# Uber Request Data Exploratory Data Analysis

## Project Overview
This notebook contains the exploratory data analysis of Uber request data. We'll analyze patterns in requests, cancellations, wait times, and other key metrics.

In [None]:
# Import necessary libraries
import pandas as pd
import numpy as np
import matplotlib.pyplot as plt
import seaborn as sns
from datetime import datetime

# Set plot style
plt.style.use('seaborn')
plt.rcParams['figure.figsize'] = (12, 6)

# Read the data
df = pd.read_csv('../data/Uber_Request_Data.csv')

# Display basic information
print("Data Shape:", df.shape)
print("
Data Columns:")
print(df.columns.tolist())

# Convert timestamp columns to datetime
df['Request_timestamp'] = pd.to_datetime(df['Request_timestamp'])
df['Pickup_timestamp'] = pd.to_datetime(df['Pickup_timestamp'])

## 1. Data Cleaning
Let's clean and prepare the data for analysis.

In [None]:
# Add calculated columns
df['Hour'] = df['Request_timestamp'].dt.hour
df['Day'] = df['Request_timestamp'].dt.day_name()
df['Weekday'] = df['Request_timestamp'].dt.weekday
df['Date'] = df['Request_timestamp'].dt.date

# Calculate wait time in minutes
df['Wait_Time'] = (df['Pickup_timestamp'] - df['Request_timestamp']).dt.total_seconds() / 60

# Clean Status column
df['Status'] = df['Status'].str.strip()

# Display cleaned data
df.head()

## 2. Data Analysis
### 2.1 Request Distribution by Location

In [None]:
# Request distribution by location
location_dist = df['Pickup_point'].value_counts()

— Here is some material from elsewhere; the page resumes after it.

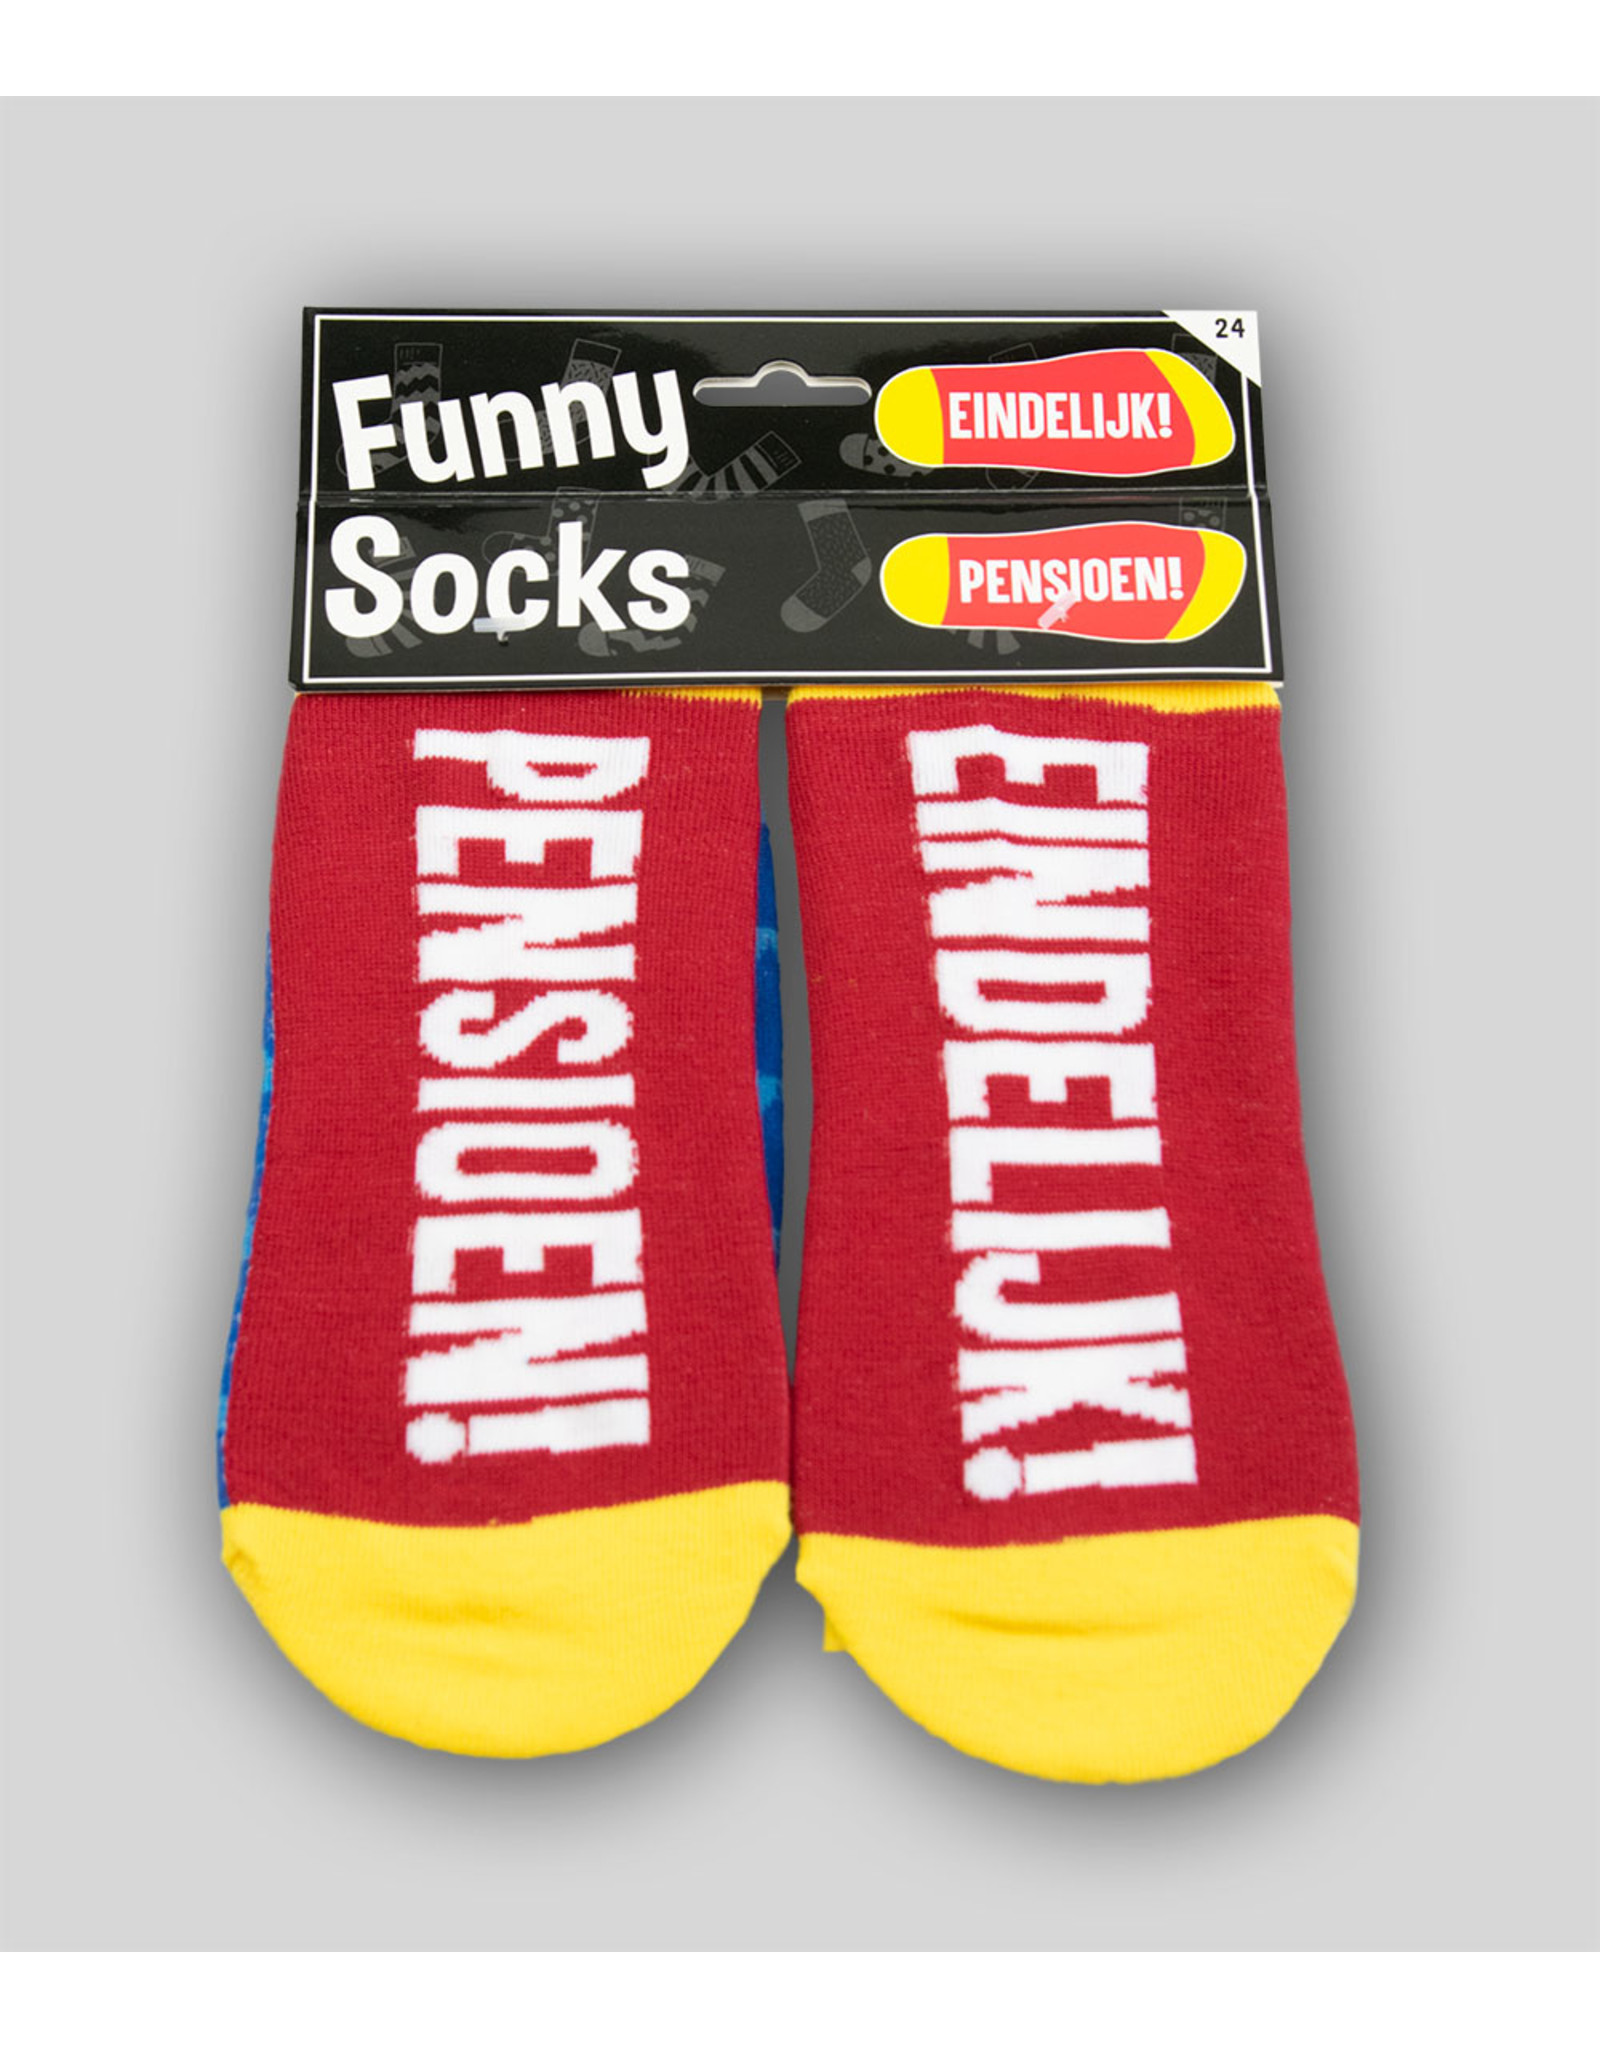 Funny Socks - Pensioen

plt.figure(figsize=(10, 6))
sns.barplot(x=location_dist.index, y=location_dist.values)
plt.title('Request Distribution by Location')
plt.xlabel('Pickup Point')
plt.ylabel('Number of Requests')
plt.xticks(rotation=45)
plt.tight_layout()
plt.show()

### 2.2 Status Distribution

In [None]:
# Status distribution
status_dist = df['Status'].value_counts()

plt.figure(figsize=(8, 8))
plt.pie(status_dist.values, labels=status_dist.index, autopct='%.1f%%', startangle=90)
plt.title('Request Status Distribution')
plt.tight_layout()
plt.show()

### 2.3 Hourly Pattern Analysis

In [None]:
# Hourly request distribution
hourly_dist = df.groupby('Hour')['Request_timestamp'].count()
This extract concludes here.